__DATA SHOWN__.
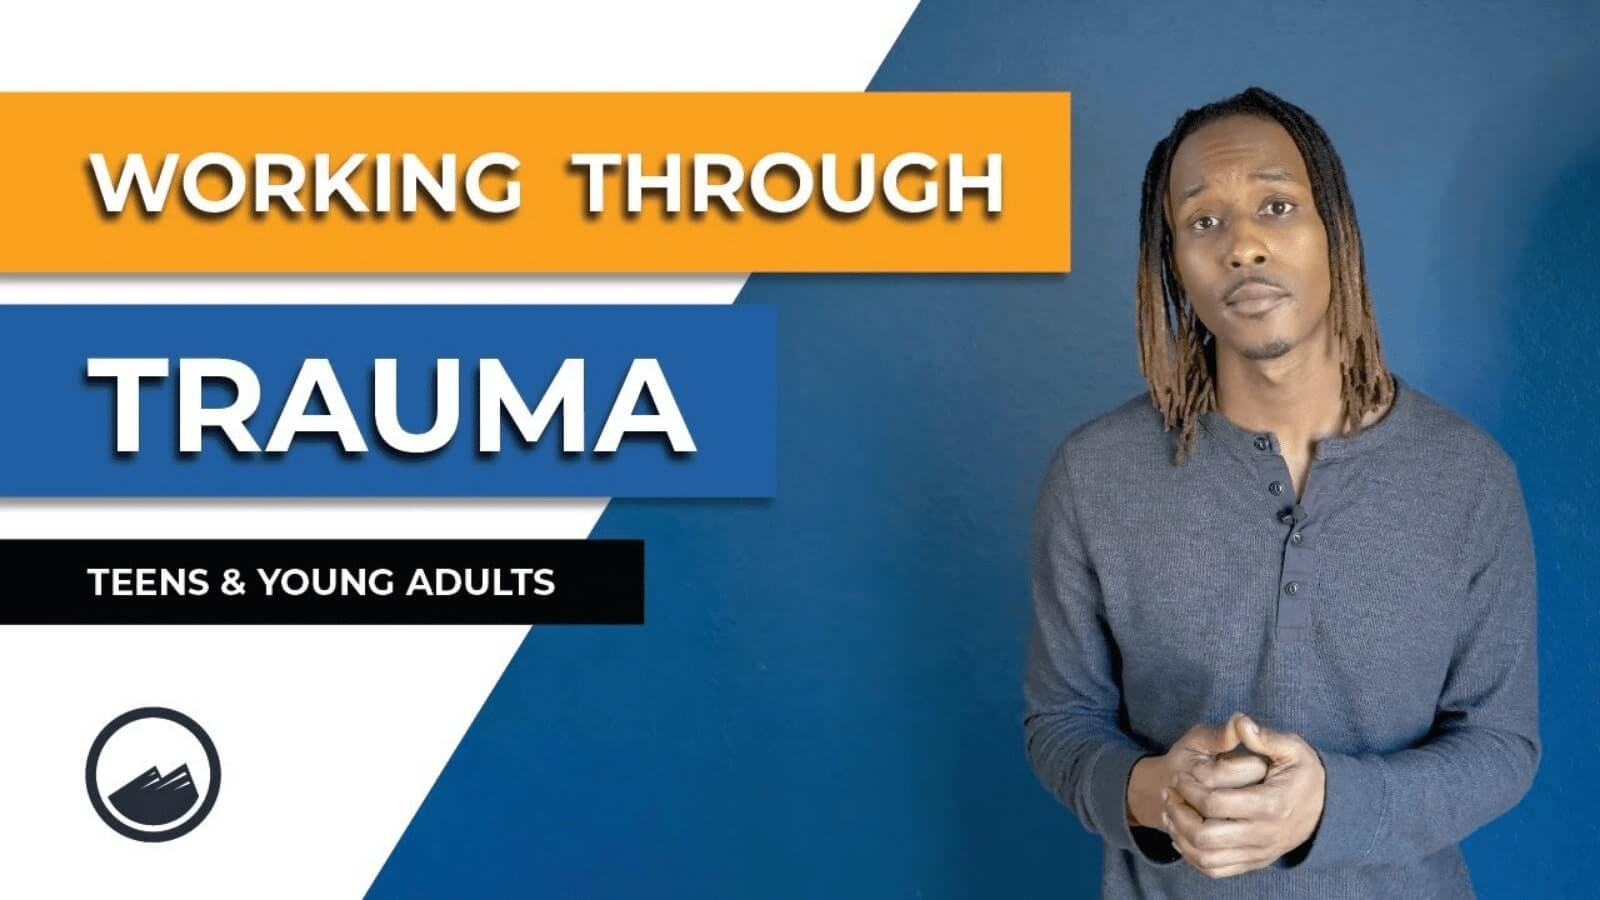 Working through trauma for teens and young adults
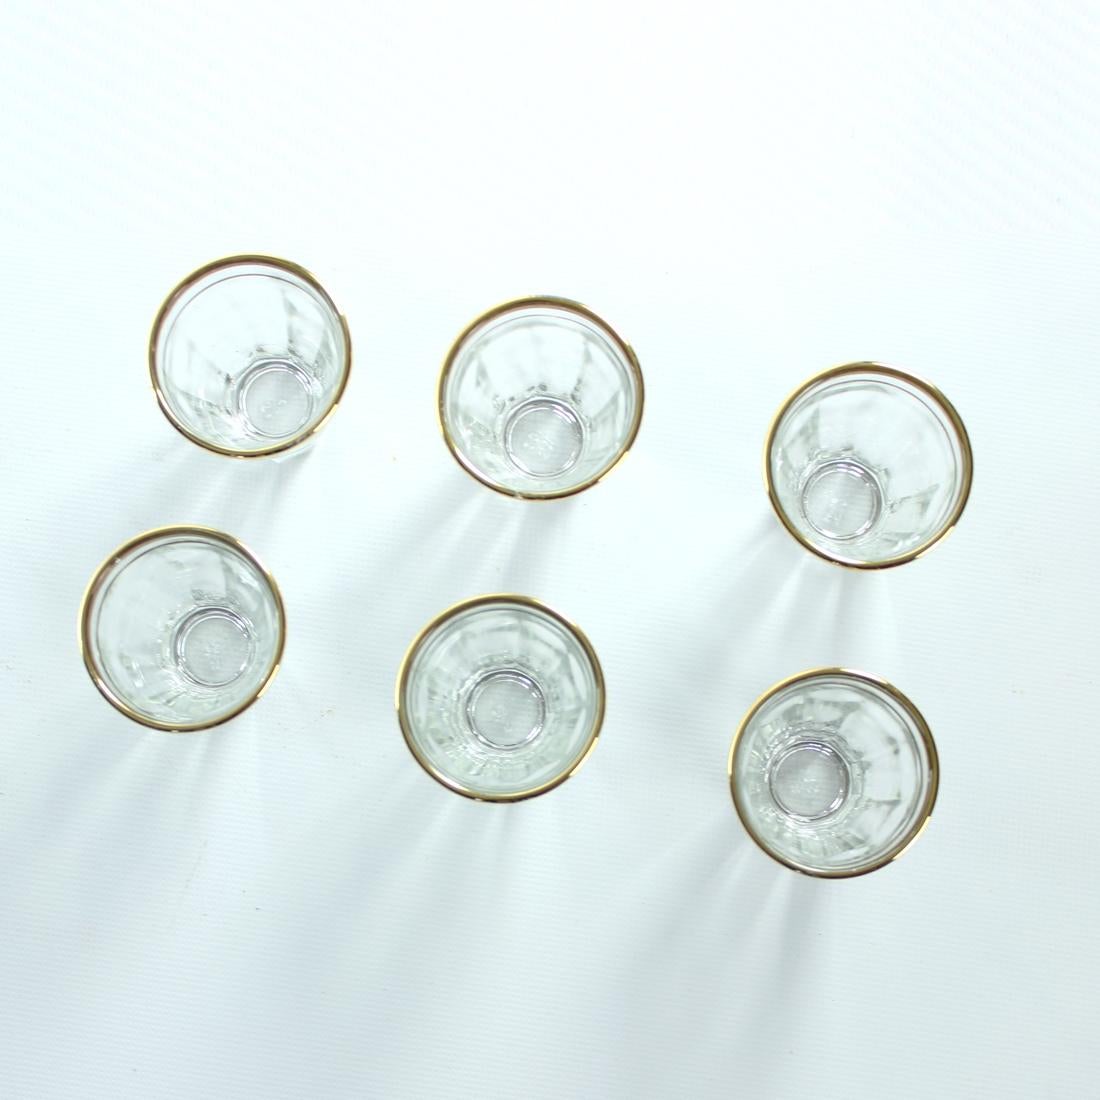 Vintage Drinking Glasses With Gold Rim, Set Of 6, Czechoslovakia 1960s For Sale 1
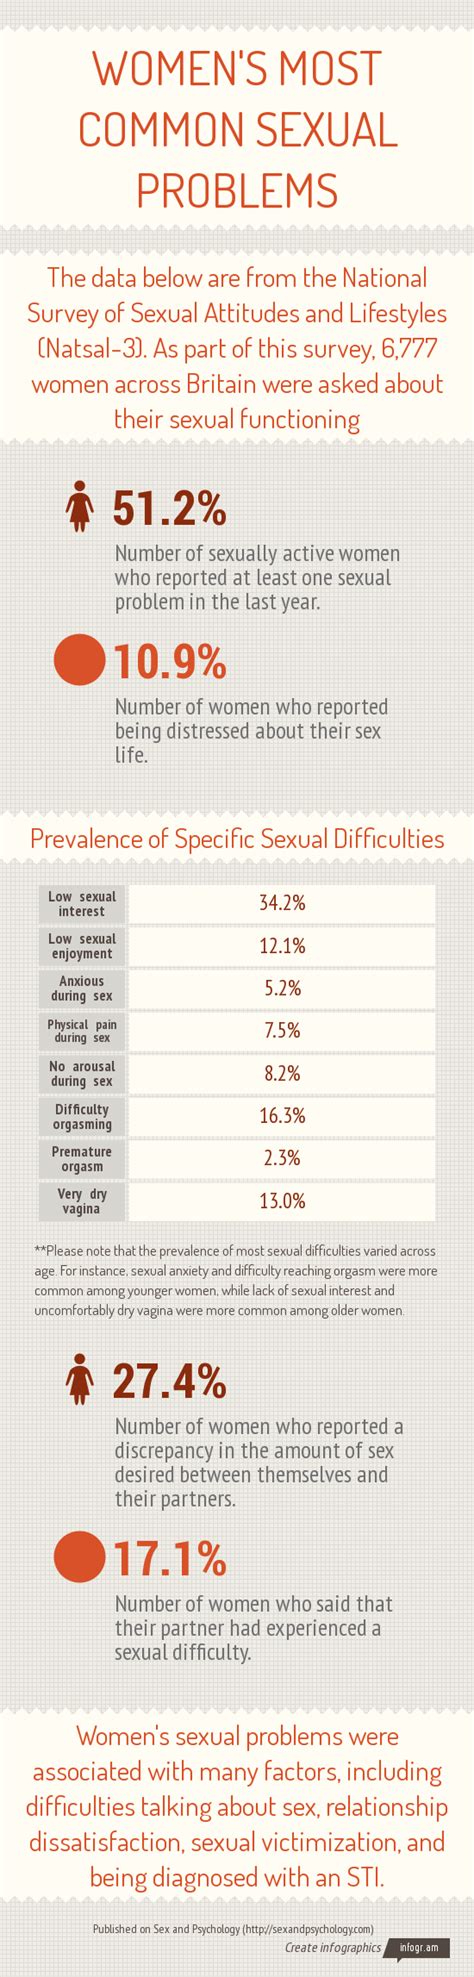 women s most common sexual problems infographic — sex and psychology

__WHAT YOU SHOULD DO__.
A faithful, word-for-word copy of the data is needed; the pictures should not appear in it.

__RESPONSE BELOW__.
 Working through trauma for teens and young adults
 Vintage Drinking Glasses With Gold Rim, Set Of 6, Czechoslovakia 1960s For Sale 1
 women s most common sexual problems infographic — sex and psychology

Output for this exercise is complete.